Saturday, April 21, 2007

Stuff Seen - Clip/Stamp/Fold 2



This exhibit and this exhibit have about as much in common as Zeke's Gallery and the Canadian Centre for Architecture. Earlier this year, I read this review of the show, or the version of the show that had exhibited in new York. In it Nicolai Ouroussoff wrote "Part of the magic of this show... is in the works' crude immediacy. One side of the gallery is wallpapered in hundreds of colorful magazine covers." In the version in Montreal, they decided that they should make wallpaper instead. Which leaves "the opposite wall a more detailed timeline maps out the evolution of the culture of architectural magazines." Or more succinctly this.

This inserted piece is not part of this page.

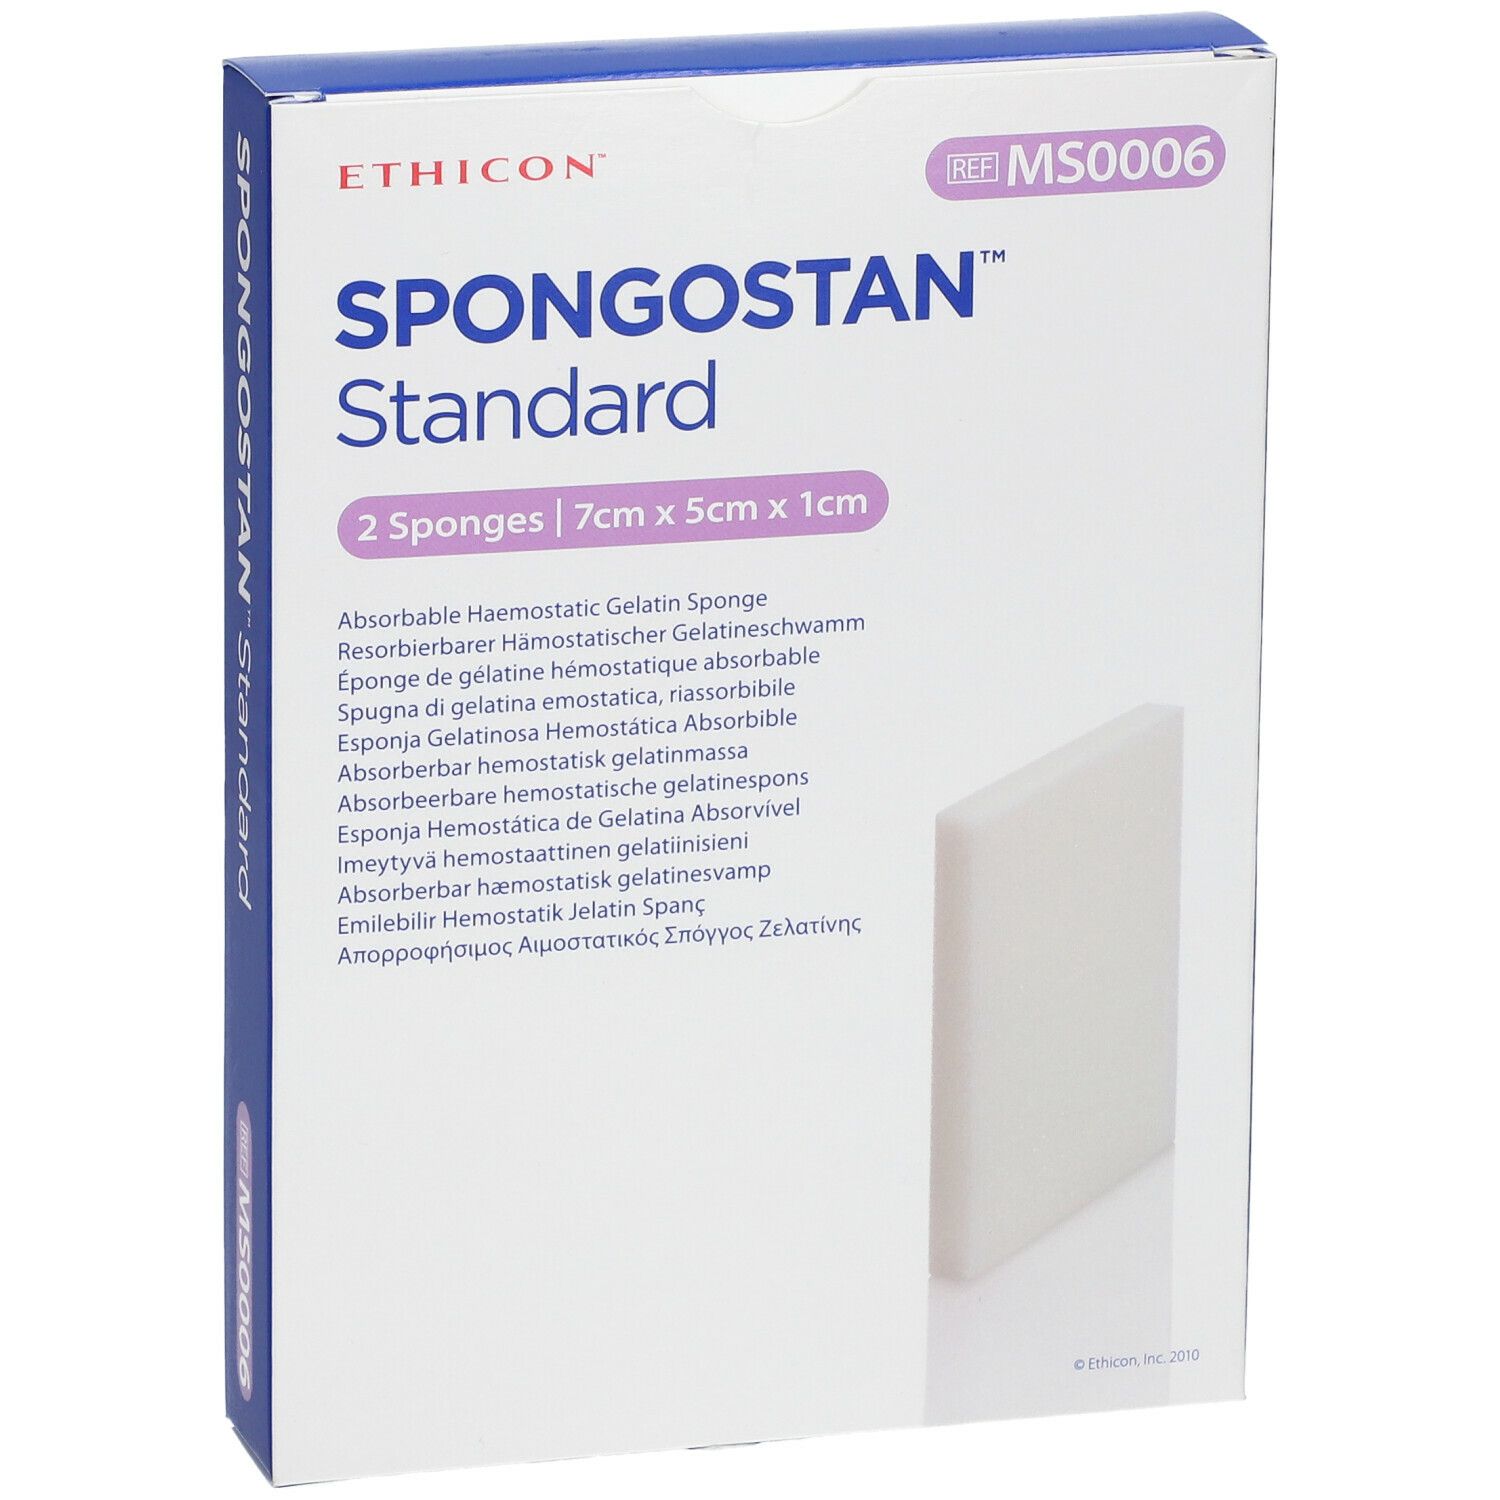 ETHICON™ SPONGOSTAN™ Standard

Which as you can imagine is perused in a way more comfortable manner, on a computer screen (or in a book) than it is in a small, brightly lit white cube of a room with three or four tinny speakers screeching stuff that I assume is significant and important, but in fact is rendered worthless because it is impossible to hear anything over the din created by the other speakers.

The thing that passes for a pamphlet (I wasn't able to find a catalogue if a catalogue had been made) had been dumped in a pile on the floor in the hallway before you, almost as if they had been left for the night cleaners to pick up once the place closed.

As Mr. Ouroussoff wrote in his review "all of this would be less interesting today if the magazines weren't simply so alluring: you immediately want to pick them up and leaf through them, reveling in their graphics and textures." So how did the CCA ruin the show, they removed the very thing that made it so darn alluring. And it ain't like they don't have them - in their library/archives/whatever they have where they ask you to wear white gloves they have every darn copy of every darn magazine mentioned in the show.

For Clip/Stamp/Fold 3 what they should do is put up a Plexiglas wall in front of the entrance to the CCA's library it would serve exactly the same purpose; inform the public that they have cool things, but let the public know at the same time that there is no way they will be able to access them in any meaningful way.